**YOUR GOAL**
I'd like the data below restated word for word, with the pictures left out.

**INFORMATION SUPPLIED**
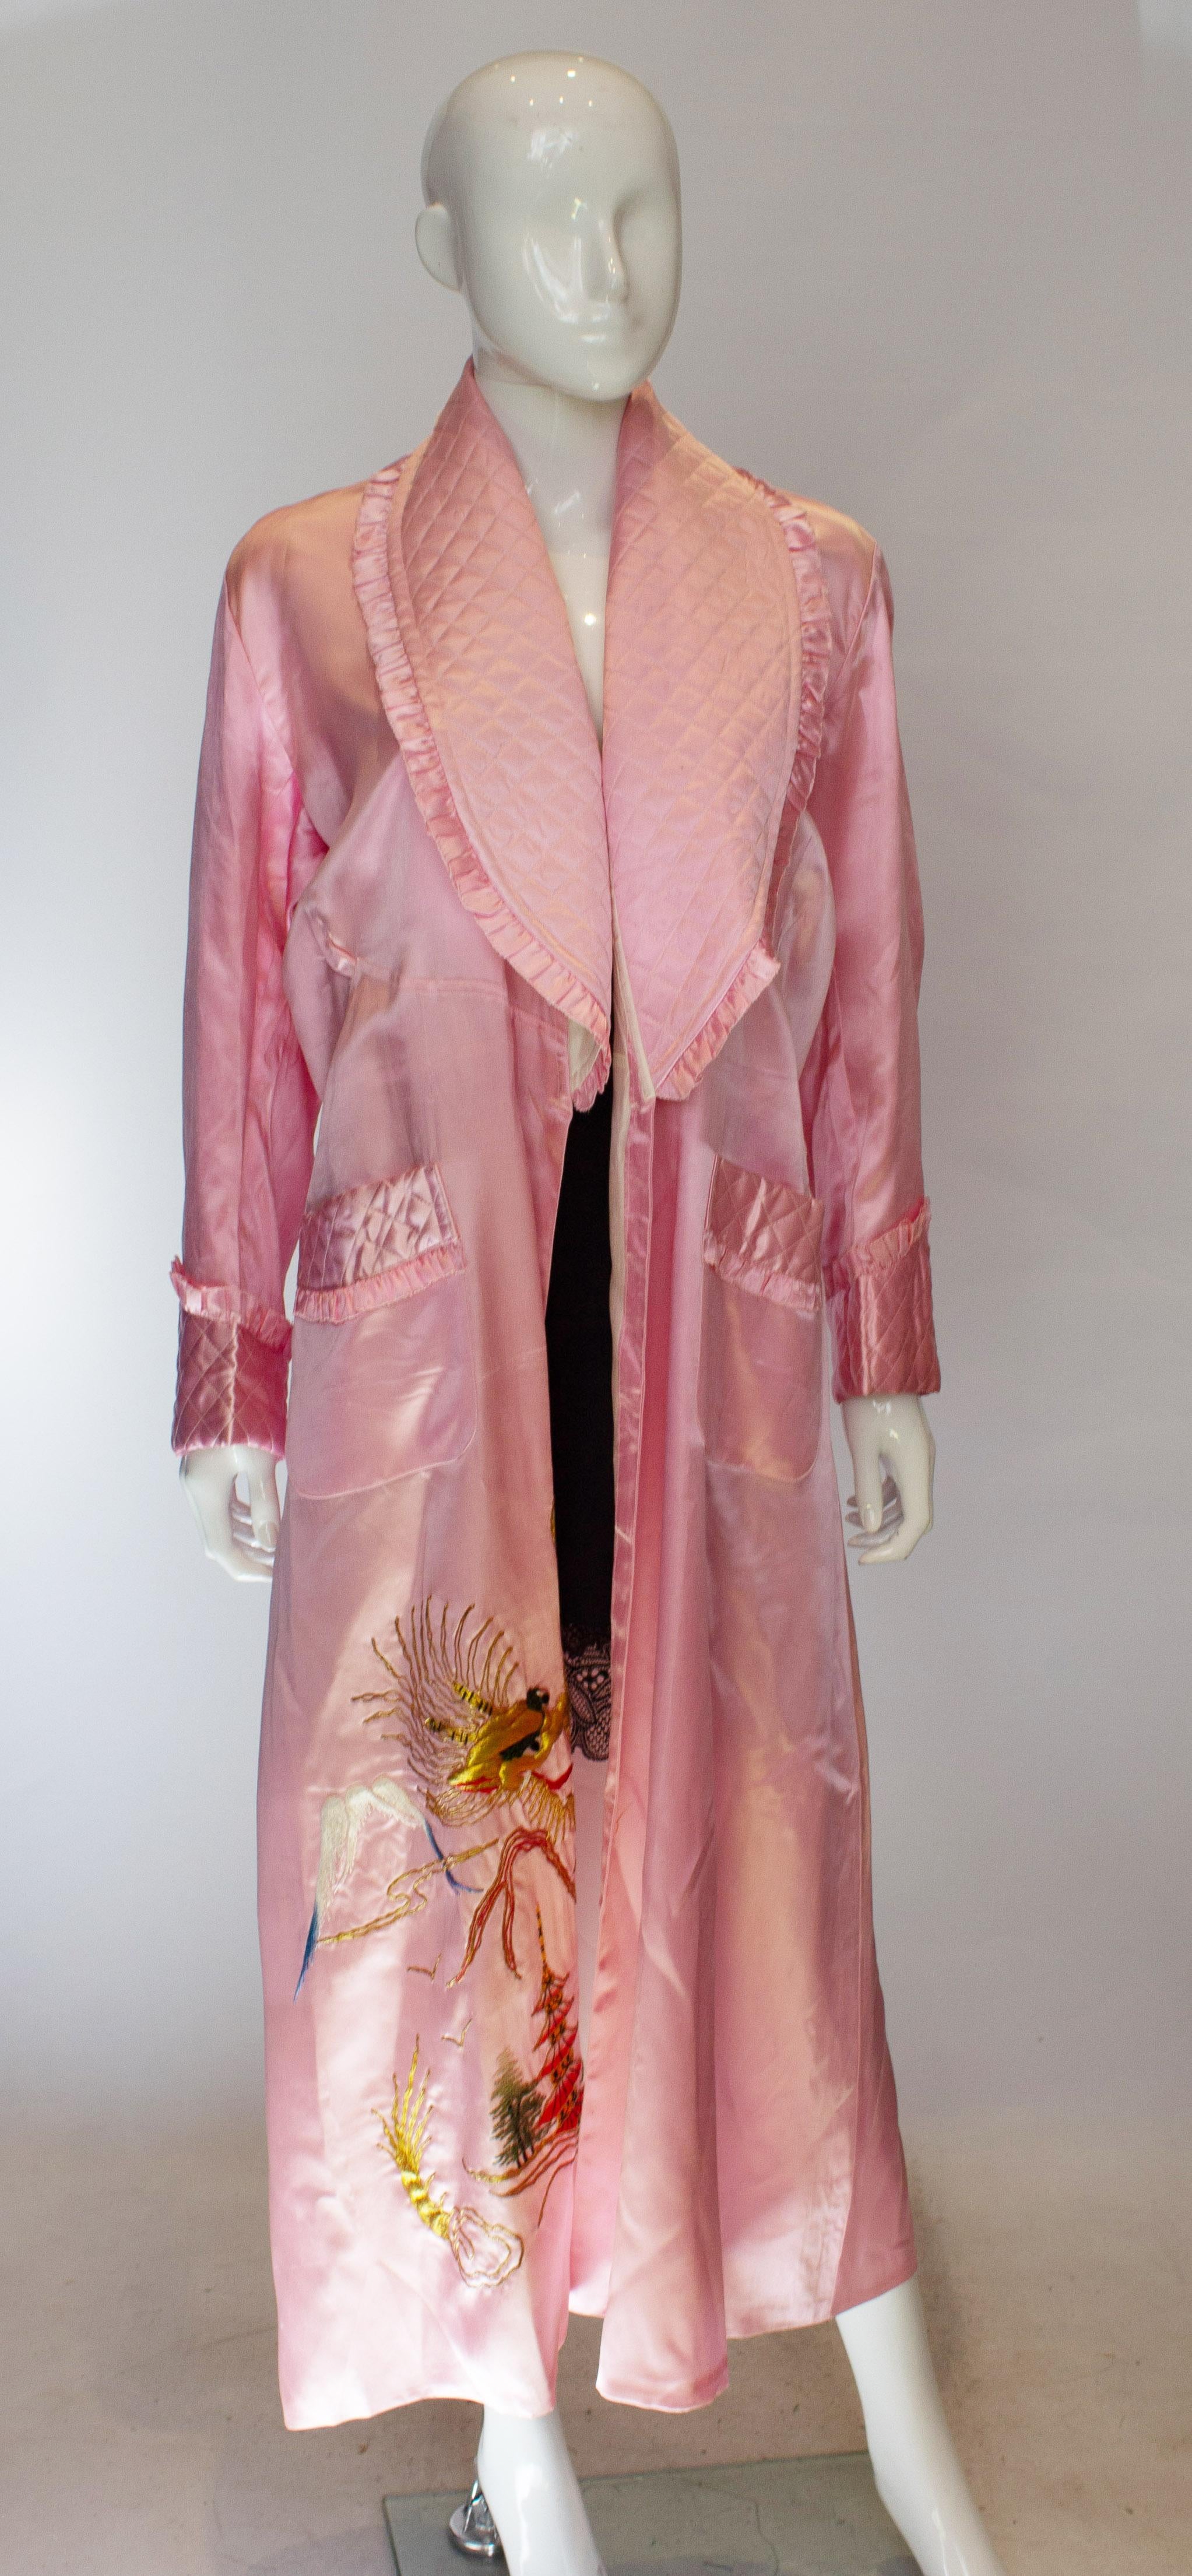 Hübsches rosa Vintage-Gewand mit gestepptem Rüschenschalkragen und zwei gesteppten Taschen. Die Robe ist gefüttert und hat Stickerei detail.Measurements Büste bis zu 41'', Länge 52''
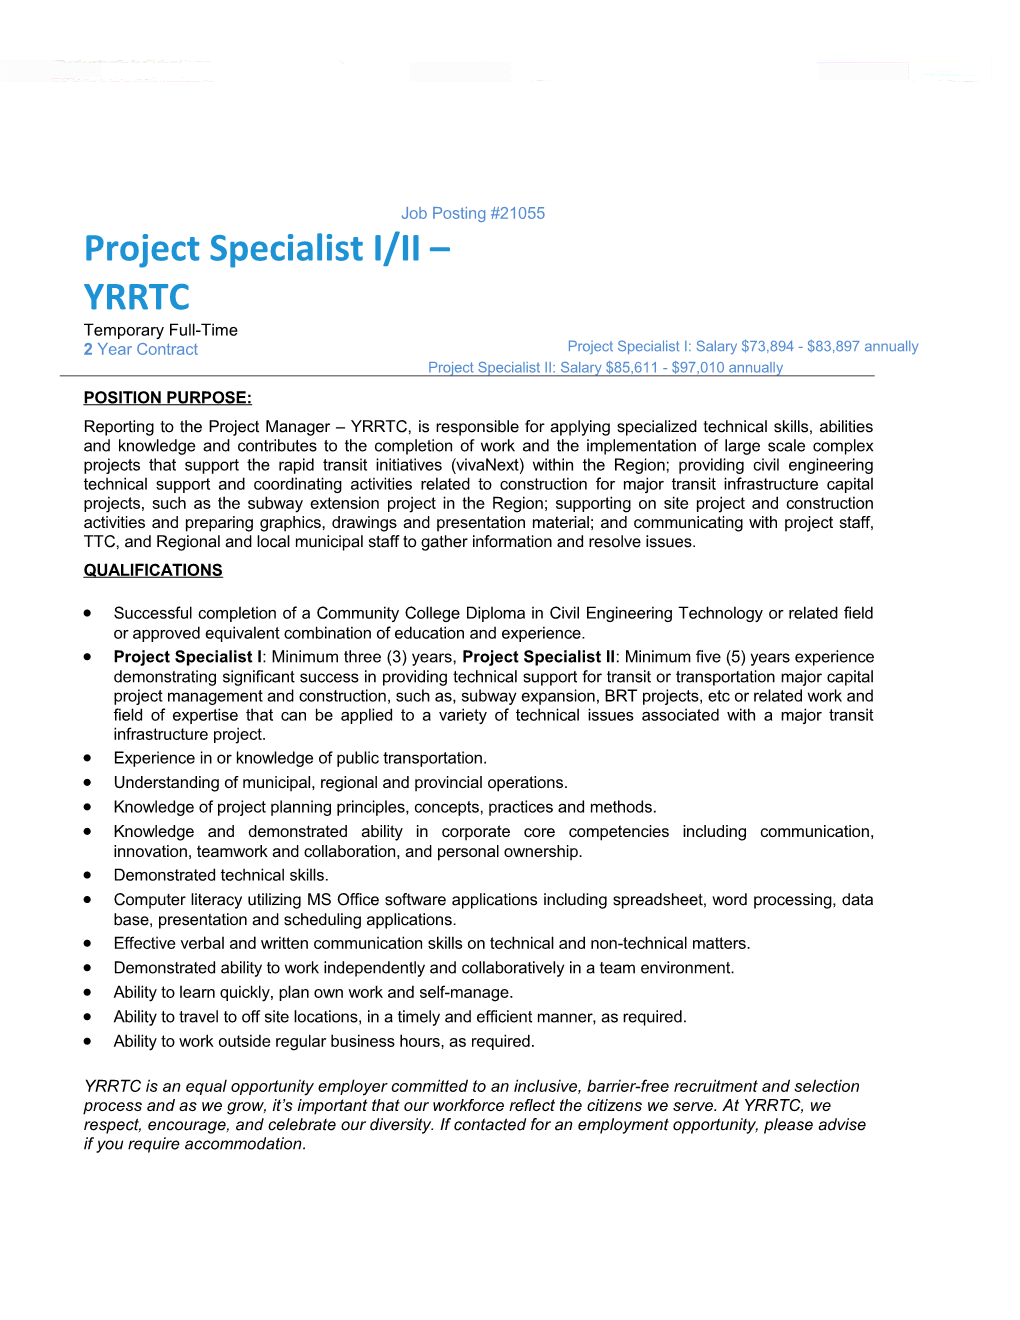 Project Specialist I/II YRRTC
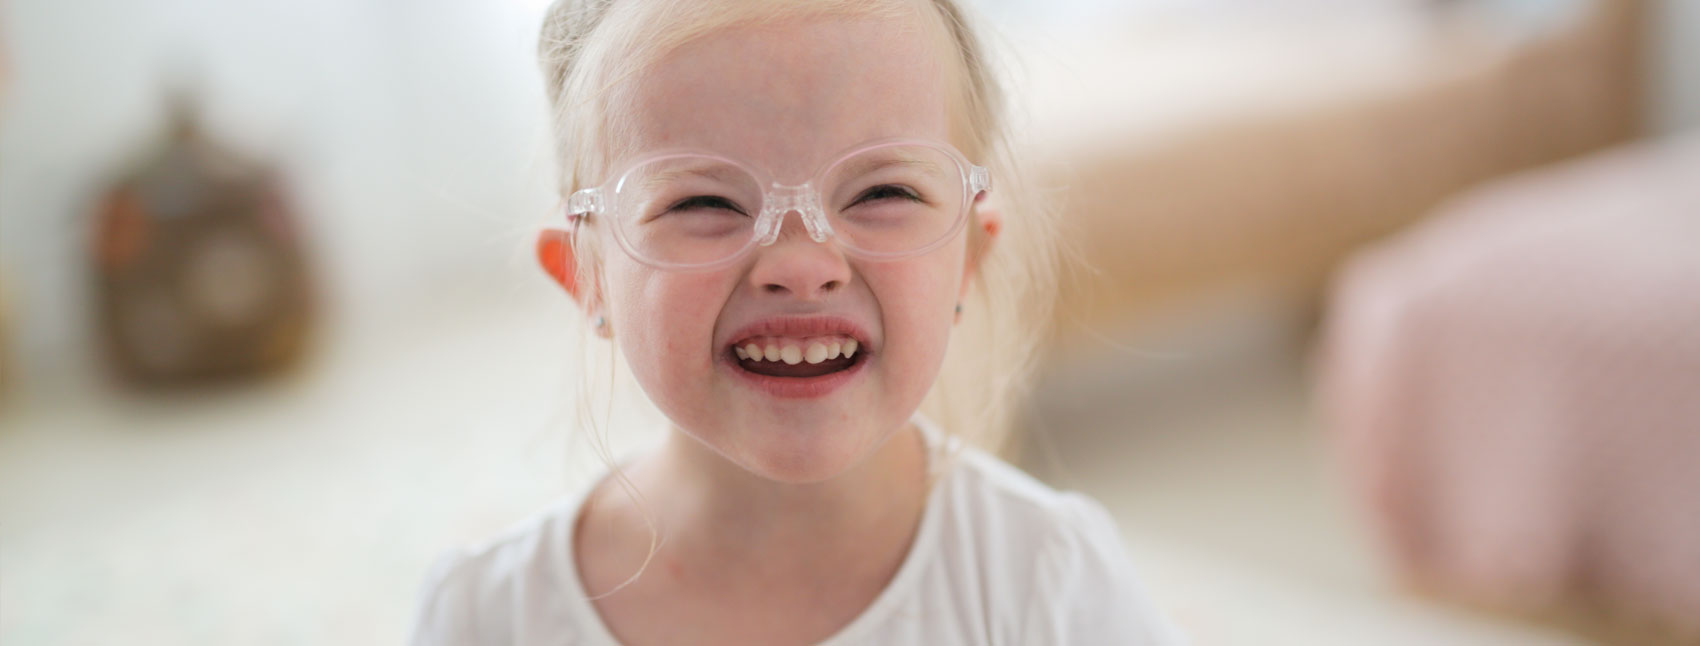 little-girl-wearing-glasses
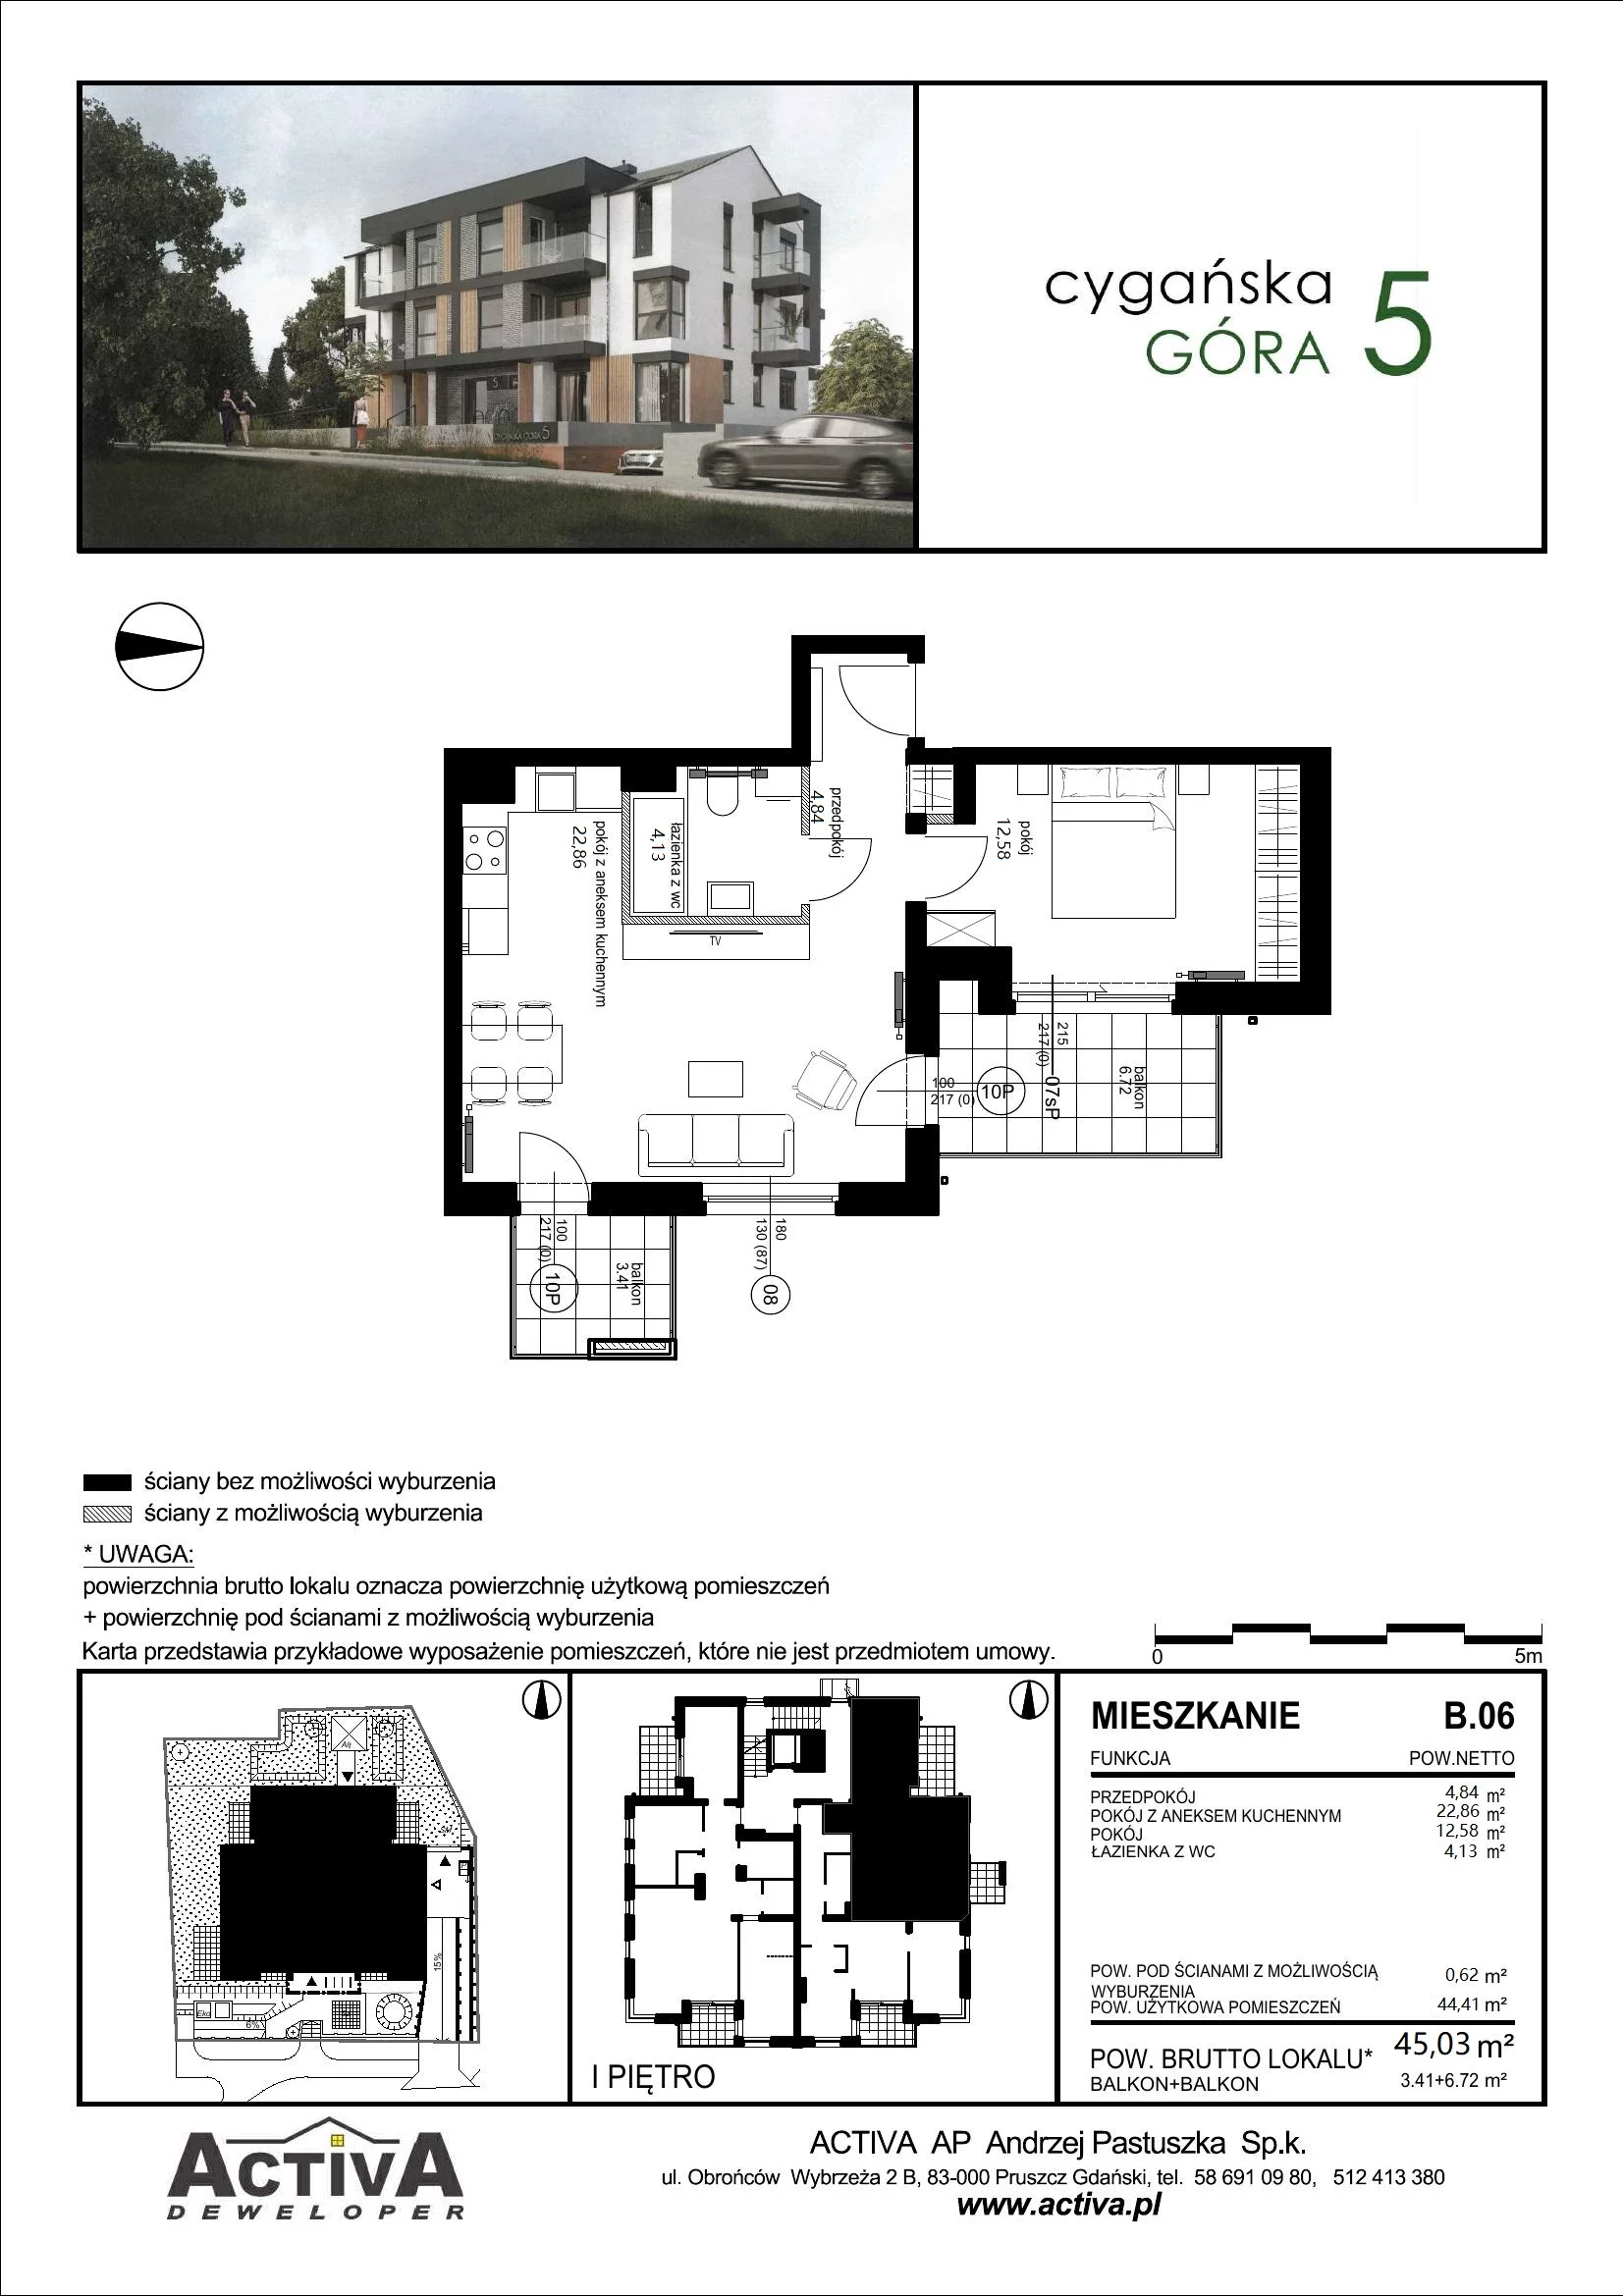 Mieszkanie 45,03 m², piętro 1, oferta nr B.06, Cygańska Góra 5, Gdańsk, Suchanino, ul. Cygańska Góra 5

**EXERCISE ANSWER**
 Hübsches rosa Vintage-Gewand mit gestepptem Rüschenschalkragen und zwei gesteppten Taschen. Die Robe ist gefüttert und hat Stickerei detail.Measurements Büste bis zu 41'', Länge 52''
 Project Specialist I/II YRRTC
 little-girl-wearing-glasses
 Mieszkanie 45,03 m², piętro 1, oferta nr B.06, Cygańska Góra 5, Gdańsk, Suchanino, ul. Cygańska Góra 5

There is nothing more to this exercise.